Son las 8 de la mañana. Su hora de levantarse. Buenos días. Como todos los días, apagó el aparato y saltó
de la cama. El departamento estaba silencioso y agradable. Funcionaban desde hacía años los purificadores
ambientales y los acondicionadores climáticos. Atravesó descalzo los pisos alfombrados y fue hasta la cocina a
prepararse el desayuno.
Abrió una caja y volcó en un plato copos sintéticos. Apretó Hot y sacó del botellón térmico agua caliente.
Agregó complejos vitamínicos, extractos de hierro y de fósforo y fortificadores neurológicos. Los polvos se
diluyeron en el agua y Mariano volcó todo sobre los copos. Después puso agua fría en un vaso y echó unas gotas
de esencia de frutas. De los muchos goteros que había en la alacena de su departamento, eligió esa mañana el
que tenía sabor a melón. Nunca había visto melones, pero le gustaba el olor de esa fruta. Sacó de la heladera un
pomo de crema y lo desparramó sobre los copos, y otro pomo de chocolate y lo chorreó sobre la crema.
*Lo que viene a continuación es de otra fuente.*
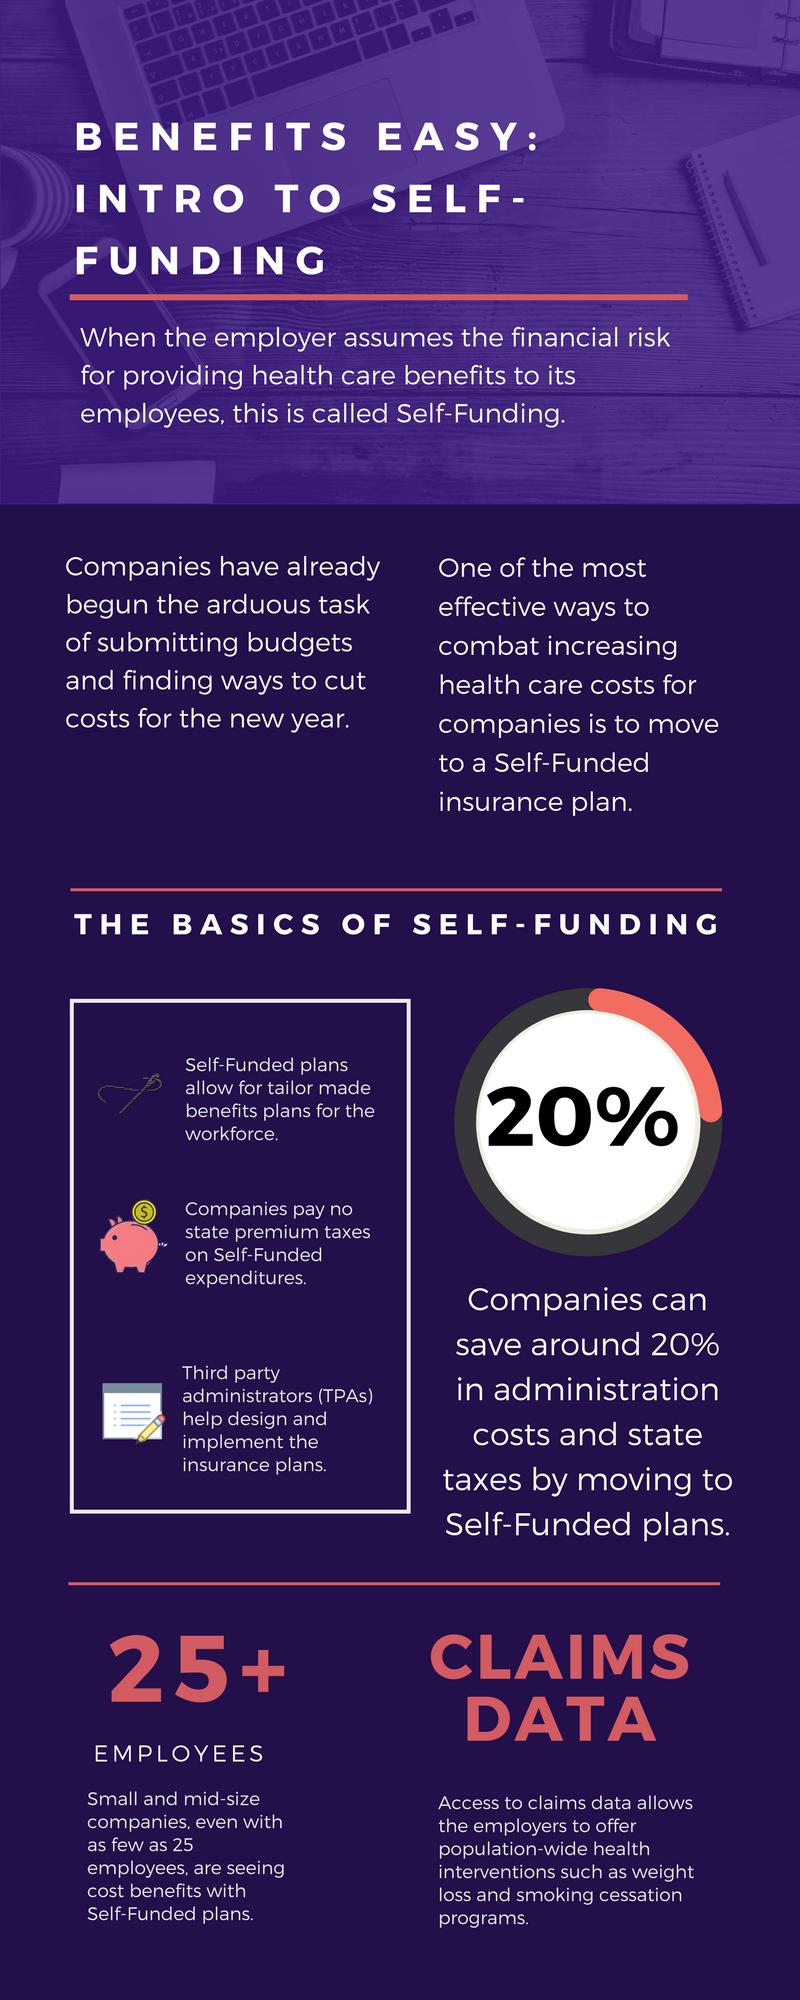 Benefits Easy: Intro to Self-Funding   Florida Employee Benefits

Cuando
todo estuvo listo, fue a la sala y se despatarró en un sillón. Apretó la tecla de masaje y sintió, como todos los días,
la suave caricia de la felpa bajo su nuca.
Mientras desayunaba y se dejaba acariciar por el sillón, apretó power y echó a funcionar una película. Era
una vieja película española. Se llamaba “Navidad en la nieve” y Mariano la había visto ya muchas veces, la conocía
casi de memoria. En ella, una noche muy fría, un viejo increíble con barba blanca y vestido de rojo ofrecía regalos,
y había gente reunida en sus casas, cantando y comiendo algo que llamaban “turrones”, y también una chica que
tenía ojos tristes y el pelo muy largo. Mariano miraba con atención las escenas. Cuando una de ellas le gustaba
mucho, apretaba pause y se quedaba largo tiempo con los ojos fijos en la pantalla.
A cada cambio de hora, un aparato le preguntaba: ¿Todo está OK? Si se presenta algún problema
comunicarse con el X7 28 –ZZ – 1000.
Al mediodía, Mariano sacó del freezer un pastel y lo metió en el microondas. Abrió una lata de frutas,
volcó parte en una copa y luego puso crema de un pomo y, encima, chocolate de otro pomo. Destapó una gaseosa
y llevó todo a la sala. Faltaban seis horas para que sus padres regresaran. Faltaban cinco días para que llegara el
domingo y sus padres estuvieran en casa o lo llevaran al otro extremo de la Estación donde se encontraban los
domingos los pocos chicos que vivían allí. Faltaban tres meses y medio para las vacaciones, y su papá le había
prometido que en vacaciones saldrían de la Estación Espacial e irían durante una semana a la Tierra para ver a su
abuela y a su bisabuela.
Mientras comía, Mariano se entretuvo mirando, a través del doble vidrio del departamento, los edificios
que apretaban la torre en que vivía. Y tras los edificios, en los pocos claros que había entre uno y otro, la mampara
de poliuretano que cubría la Estación. Fijó la vista lo más precisamente que pudo, pero, por más que se esforzó,
sólo vio cristales espejados. De pronto, sobre el lado de afuera del doble vidrio del departamento, se asentó una
mosca. Hacía mucho que no veía moscas; la última vez había sido en Córdoba, en el patio de su abuela, porque
su abuela tenía patio y las moscas se habían posado sobre un pote de dulce de leche. Desde aquella vez, no había
vuelto a probar dulce de leche, sus padres le habían comprado esencias y sellos y polvos con sabor a dulce de
leche, pero ninguno era el verdadero como el que había comido en lo de su abuela.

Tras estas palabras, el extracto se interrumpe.